The gravitational potential energy formula PE = mgh calculates stored energy based on height.
Essential for energy conservation problems.

The Formula

PE = mgh

Gravitational potential energy is the energy stored in an object due to its height above a reference point. The higher the object, the more potential energy it has.

Variables

SymbolMeaning
PEPotential energy (measured in joules, J)
mMass of the object (measured in kilograms, kg)
gAcceleration due to gravity (9.81 m/s² on Earth)
hHeight above the reference point (measured in meters, m)

Example 1

A 5 kg book sits on a shelf 2.5 m above the floor. What is its potential energy?

Identify the values: m = 5 kg, g = 9.81 m/s², h = 2.5 m

Apply the formula: PE = mgh = 5 × 9.81 × 2.5

PE = 122.625 J (approximately 122.6 J)

Example 2

A roller coaster car has 294,300 J of potential energy at the top of a 30 m hill.
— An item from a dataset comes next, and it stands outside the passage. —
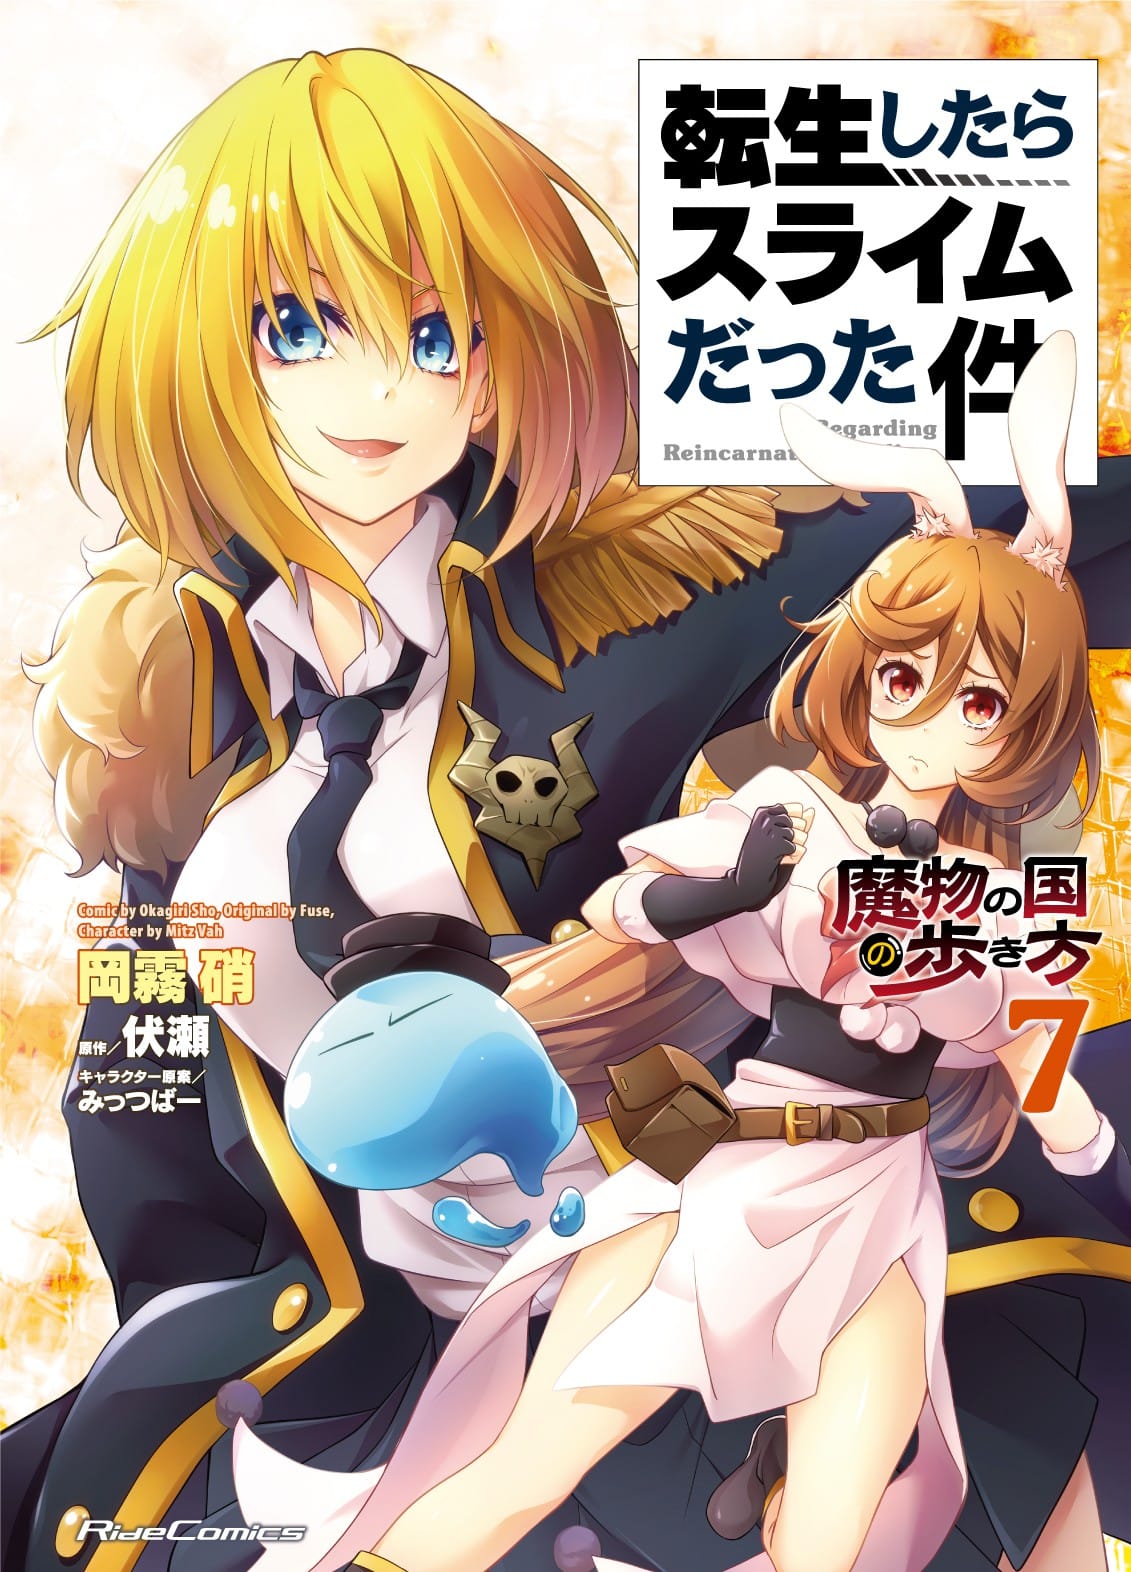 Manga Volume 22, Tensei Shitara Slime Datta Ken Wiki

What is the mass of the car?

Rearrange: m = PE / (gh)

m = 294,300 / (9.81 × 30) = 294,300 / 294.3

m = 1,000 kg

When to Use It

Use the potential energy formula when dealing with objects at height.

  • Calculating stored energy before an object falls
  • Energy conservation problems (PE converting to KE)
  • Determining the height needed to achieve a certain energy
  • Roller coasters, waterfalls, falling objects, and lifting problems

Key Notes

  • Gravitational PE: PE = mgh: m is mass (kg), g ≈ 9.81 m/s² (surface gravity), h is height above the reference level (m). The reference level (h = 0) can be chosen at any convenient point — only changes in PE are physically meaningful.
  • Elastic (spring) PE: PE = ½kx²: For a spring with constant k compressed or stretched by distance x. Unlike gravitational PE, elastic PE is always positive because it depends on x² — the spring stores energy whether stretched or compressed.
  • Conservation of mechanical energy: In the absence of friction, KE + PE = constant. A falling object converts gravitational PE to kinetic energy. At the lowest point, PE is minimum and KE is maximum.
  • PE is relative, not absolute: Only differences in PE matter — PE = mgh at a cliff edge means nothing until you define the reference height. Setting PE = 0 at the ground is conventional but not required.
  • Gravitational PE at large distances: At heights comparable to Earth's radius, PE = −GMm/r (negative because it's attractive). Near the surface, the simpler PE = mgh is a linear approximation valid for h ≪ R_Earth.